Why am I saying that the Fed is in a dilemma? Come Sept18, the market expects the Fed to cut rates by 25 basis points with 2 more rate cuts thereafter. Now the big question - what if the Fed DO NOT cut rates? Simple - the market would likely fall sharply. If they cut rates by 25 or 50 basis points (within market expectations), chances are, the market would likely fall too but at a slower rate. Why? Buy on rumour, sell on fact! The markets have been rallying on expectations of a rate cut. I expect profit taking to set in should the Fed cut 25 or 50 basis pts of the rates.
So, where is the dilemma? The US Dollar!!! Fed cuts rates by more than 50basis, the US Dollar will plunge. The US dollar is starting to weaken against other major currencies as I write this mini piece. Would the Fed want a weak dollar when it is printing so much money. High debts would then become higher debts!!!

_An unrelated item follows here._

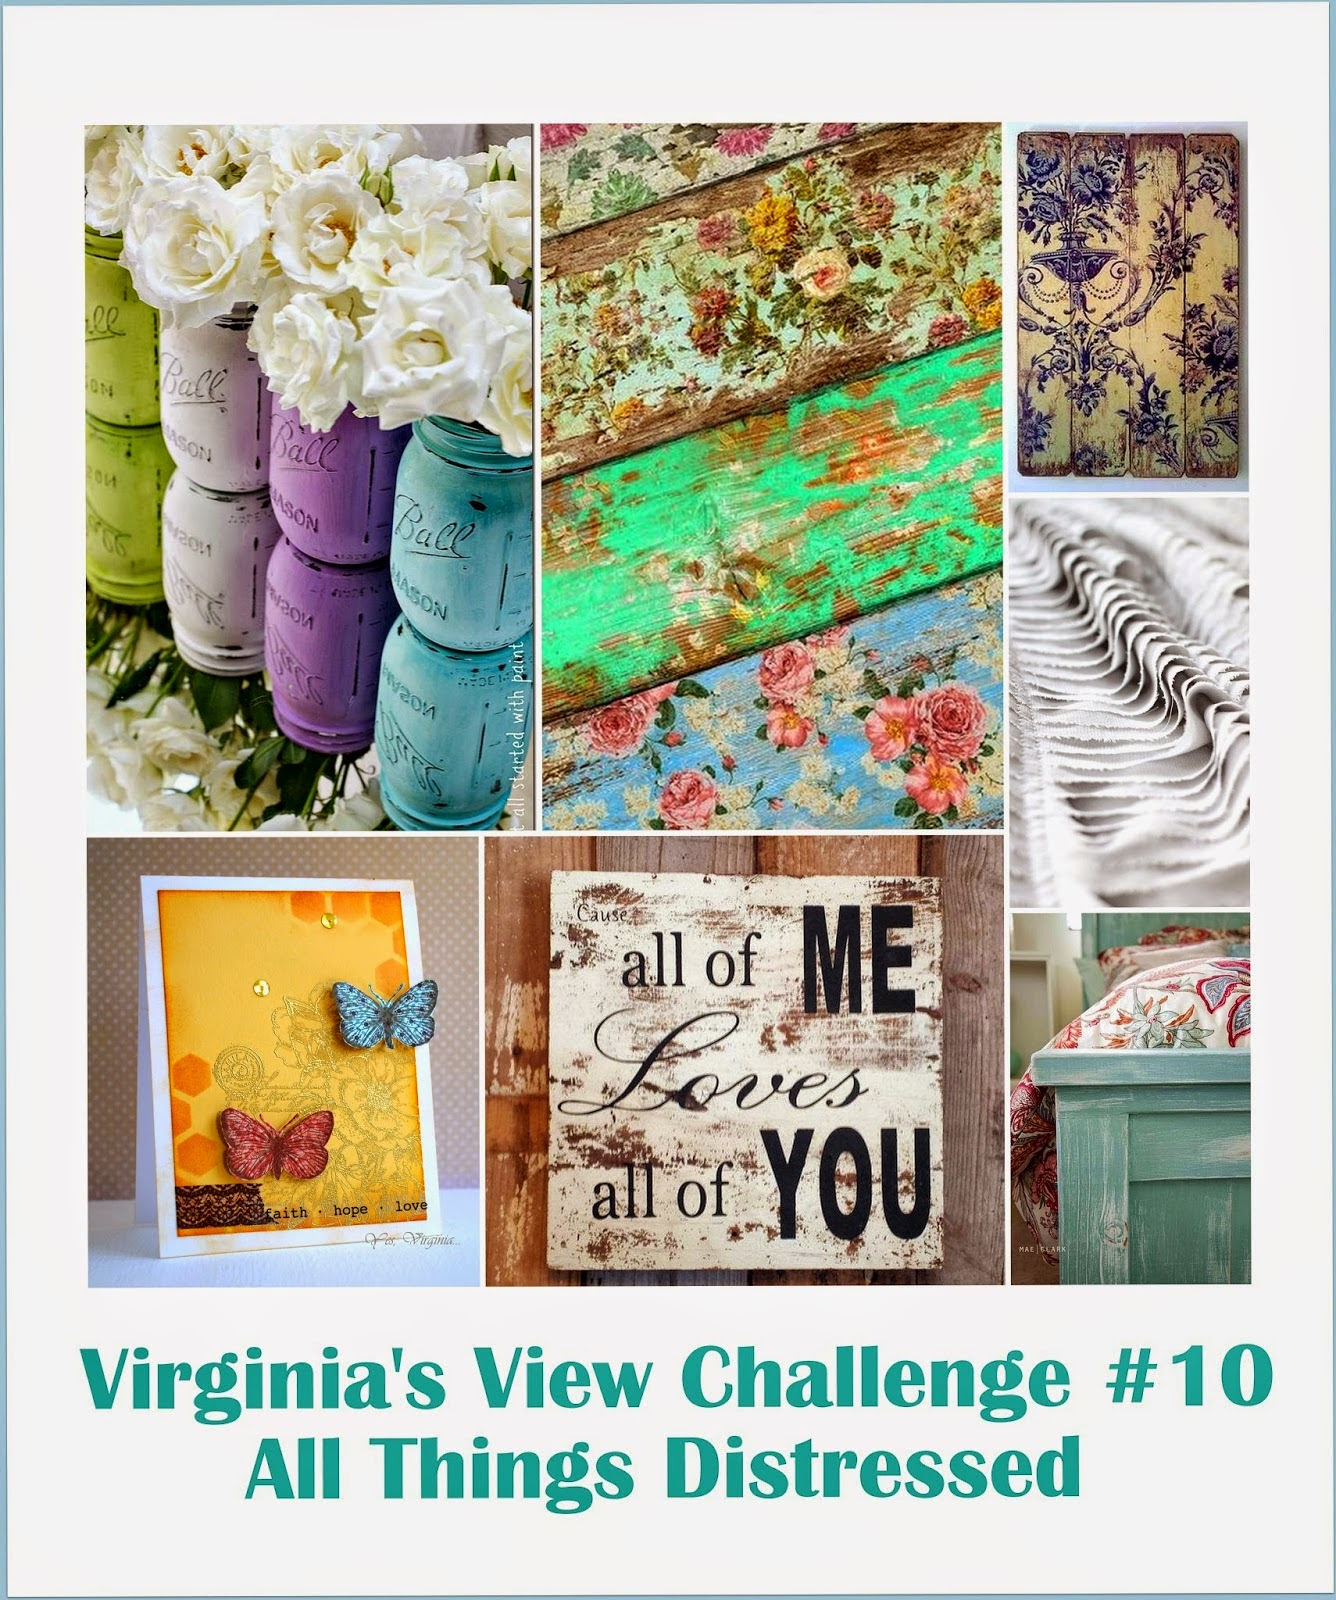 http://virginiasviewchallenge.blogspot.com.au/2014/12/virginias-view-challenge-10-guest.html

How does it affect the stock market? If the US dollar weakens, would fund managers wanna hold US stocks? In Euro terms, these stocks would be worth much less if US dollar depreciates. As US dollar weakens, then Fund managers would likely move the fund to other regions like Europe or Asia. Weak dollar drives away foreign investments. What would the Fed do next? Cut or Don't Cut?